Parsing the options and flags

grass.parser() is an interface to g.parser, and allows to parse the options and flags passed to your script on the command line. It is to be called at the top-level:

if __name__ == "__main__":
    options, flags = grass.parser()
    main()

Global variables "options" and "flags" are Python dictionaries containing the options/flags values, keyed by lower-case option/flag names. The values in "options" are strings, those in "flags" are Python booleans. All those variables have to be previously declared in the header of your script.

>>> options, flags = grass.parser()
>>> options
{'input': 'my_map', 'output': 'map_out', 'option1': '21.472', 'option2': ''}
>>> flags
{'c': True, 'm': False}

Example for embedding r.mapcalc (map algebra)

grass.mapcalc() accepts a template string followed by keyword arguments for the substitutions, e.g. (code snippets):

grass.mapcalc("${out} = ${rast1} + ${rast2}",
              out = options['output'],
              rast1 = options['raster1'],
              rast2 = options['raster2'])

Best practice: first copy all of the options[] into separate variables at the beginning of main(), i.e.:

def main():
    output = options['output']
    raster1 = options['raster1']
    raster2 = options['raster2']
 
    ...
 
    grass.mapcalc("${out} = ${rast1} + ${rast2}",
                  out = output,
                  rast1 = raster1,
                  rast2 = raster2)

Example for parsing raster category labels

How to obtain the text labels

    # dump cats to file to avoid "too many argument" problem:
    p = grass.pipe_command('r.category', map = rastertmp, fs = ';', quiet = True)
    cats = []
    for line in p.stdout:
        cats.append(line.rstrip('\r\n').split(';')[0])
    p.wait()

    number = len(cats)
    if number < 1:
        grass.fatal(_("No categories found in raster map"))
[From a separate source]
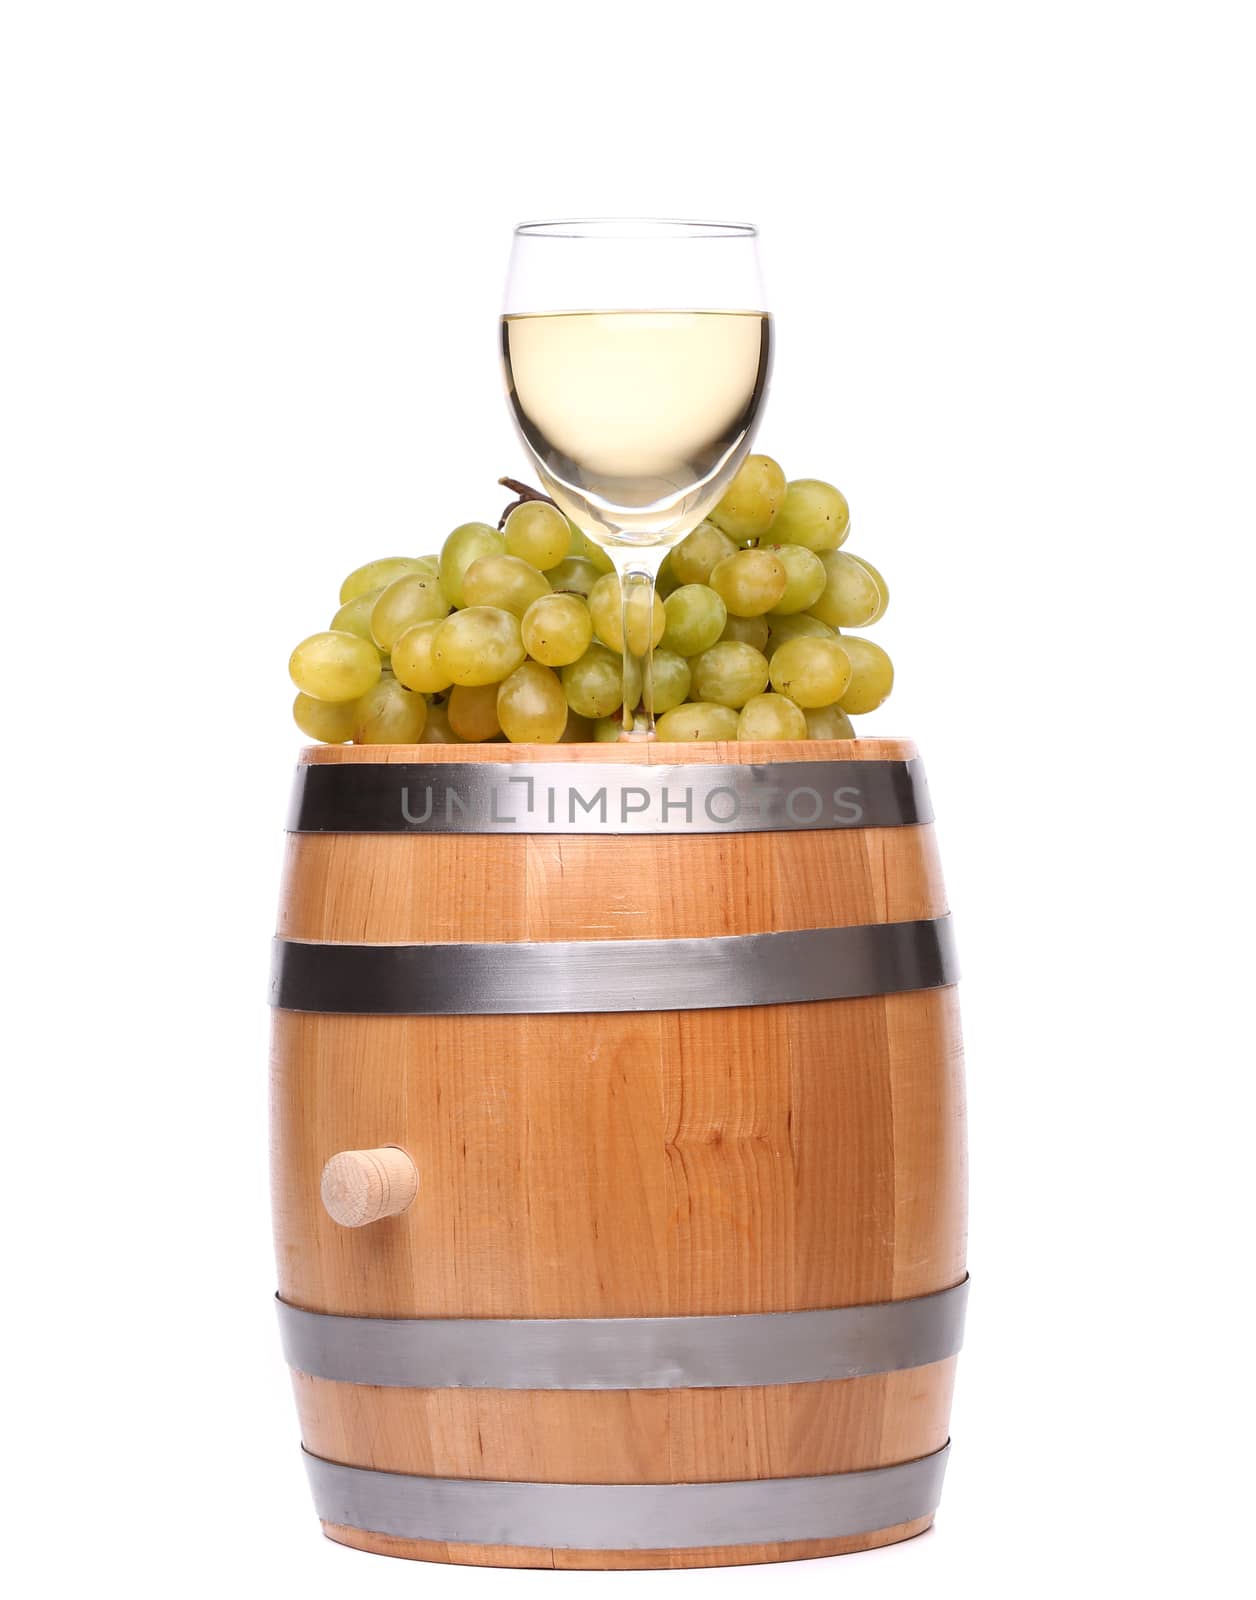 barrel, ripe grapes and glass of wine

Example for parsing category numbers

Q: How to obtain the number of cells of a certain category?

A: It is recommended to use pipe_command() and parse the output, e.g.:

       p = grass.pipe_command('r.stats',flags='c',input='map')
       result = {}
       for line in p.stdout:
           val,count = line.strip().split()
           result[int(val)] = int(count)
       p.wait()

Example for getting the region's number of rows and columns

Q: How to obtain the number of rows and columns of the current region?
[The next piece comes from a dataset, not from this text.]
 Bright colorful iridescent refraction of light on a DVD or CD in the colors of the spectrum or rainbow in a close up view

A: It is recommended to use the "grass.region()" function which will create a dictionary with values for extents and resolution, e.g.:

#!/usr/bin/env python
#-*- coding:utf-8 -*-
#
############################################################################
#
# MODULE:       g.region.resolution
# AUTHOR(S):    based on a post at GRASS-USER mailing list [1]               
# PURPOSE:	Parses "g.region -g", prints out number of rows, cols
# COPYLEFT:     ;-)
# COMMENT:      ...a lot of comments to be easy-to-read for/by beginners
#
#############################################################################
#
#%Module
#% description: Print number of rows, cols of current geographic region
#% keywords: region
#%end

# importing required modules
import sys # the sys module [2]
from grass.script import core as grass # the core module [3]
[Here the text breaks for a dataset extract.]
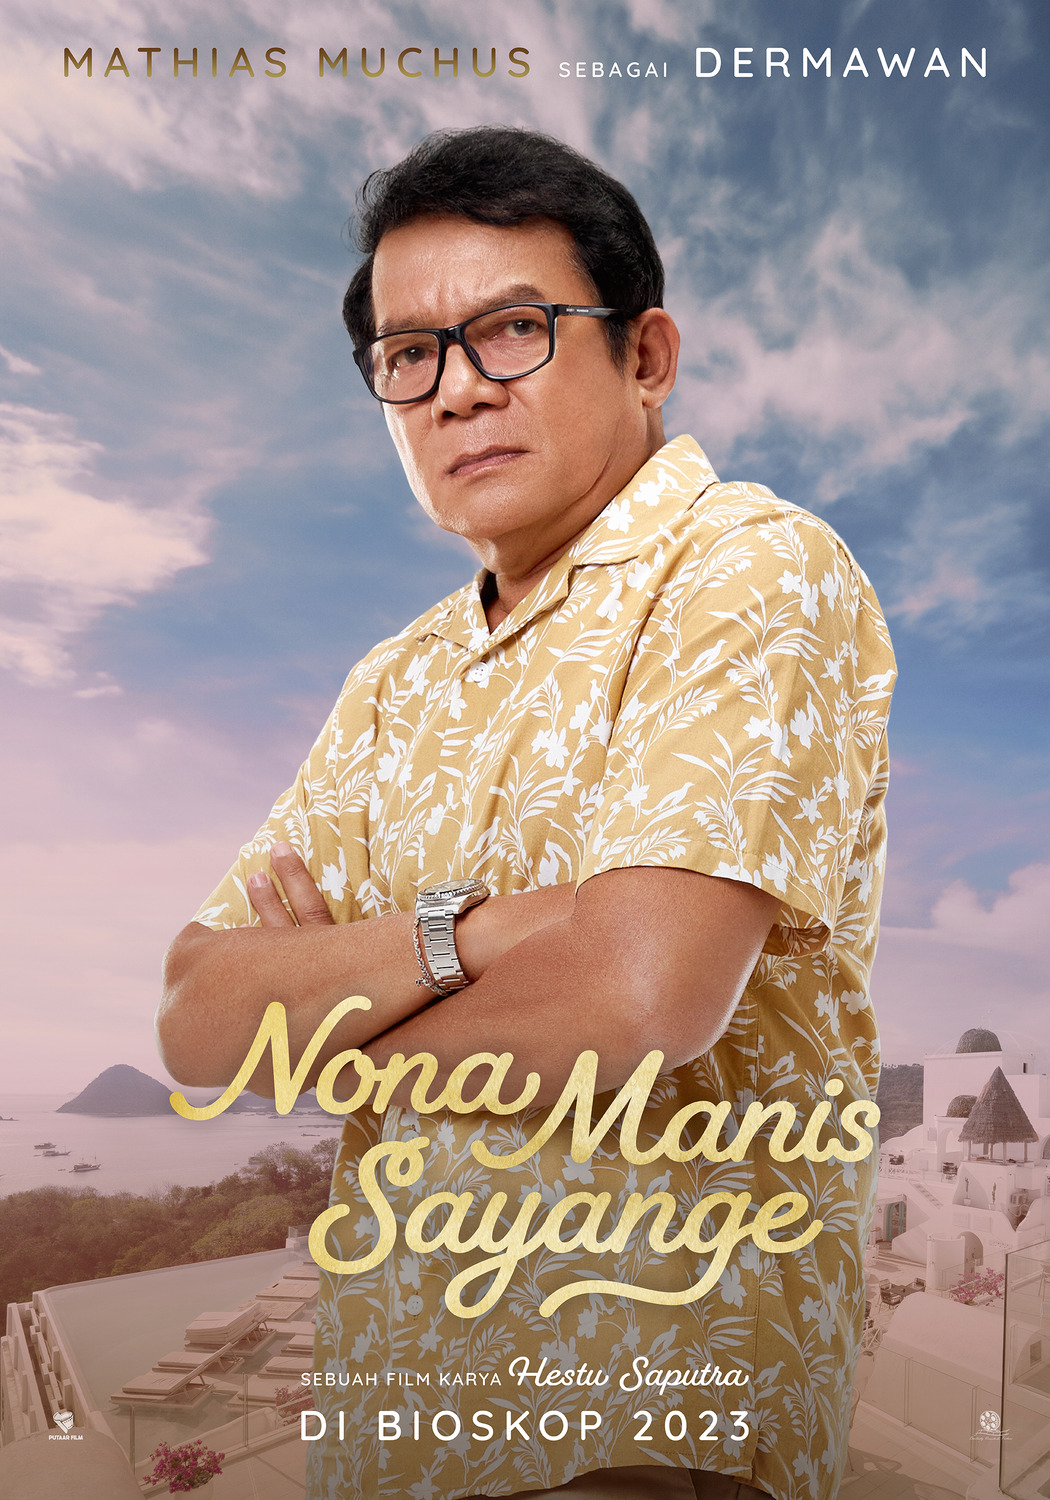 Extra Large Movie Poster Image for Nona Manis Sayange (#5 of 6)

# information about imported modules can be obtained using the dir() function
# e.g.: dir(sys)

# define the "main" function: get number of rows, cols of region
def main():
    
    # #######################################################################
    # the following commented code works but is kept only for learning purposes
     
    ## assigning the output of the command "g.region -g" in a string called "return_rows_x_cols"
    # return_rows_x_cols = grass.read_command('g.region', flags = 'g')
    
    ## parsing arguments of interest (rows, cols) in a dictionary named "rows_x_cols"
    # rows_x_cols = grass.parse_key_val(return_rows_x_cols)
    
    ## selectively print rows, cols from the dictionary "rows_x_cols"
    # print 'rows=%d \ncols=%d' % (int(rows_x_cols['rows']), int(rows_x_cols['cols']))
    
    # #######################################################################
    
    # faster/ easier way: use of the "grass.region()" function
    gregion = grass.region()
    rows = gregion['rows']
    cols = gregion['cols']
    
    # print rows, cols properly formated 
    print 'rows=%d \ncols=%d' % (rows, cols)

# this "if" condition instructs execution of code contained in this script, *only* if the script is being executed directly 
if __name__ == "__main__": # this allows the script to be used as a module in other scripts or as a standalone script
    options, flags = grass.parser() #
    sys.exit(main()) #

# Links
# [1] http://n2.nabble.com/Getting-rows-cols-of-a-region-in-a-script-tp2787474p2787509.html
# [2] http://www.python.org/doc/2.5.2/lib/module-sys.html
# [3] http://download.osgeo.org/grass/grass6_progman/pythonlib.html#pythonCore

Managing mapsets

To check if a certain mapset exists in the active location, use:

       grass.script.mapsets(False)

... returns a list of mapsets in the current location.

r.mapcalc example

Example of Python script, which is processed by g.parser:

The shell script line:

  r.mapcalc "MASK = if(($cloudResampName < 0.01000),1,null())"

would be written like this:

       import grass.script as grass

       ...

       grass.mapcalc("MASK=if(($cloudResampName < 0.01000),1,null())",
                     cloudResampName = cloudResampName)

The first argument to the mapcalc function is a template (see the Python library documentation for string.Template). Any keyword arguments (other than quiet, verbose or overwrite) specify substitutions.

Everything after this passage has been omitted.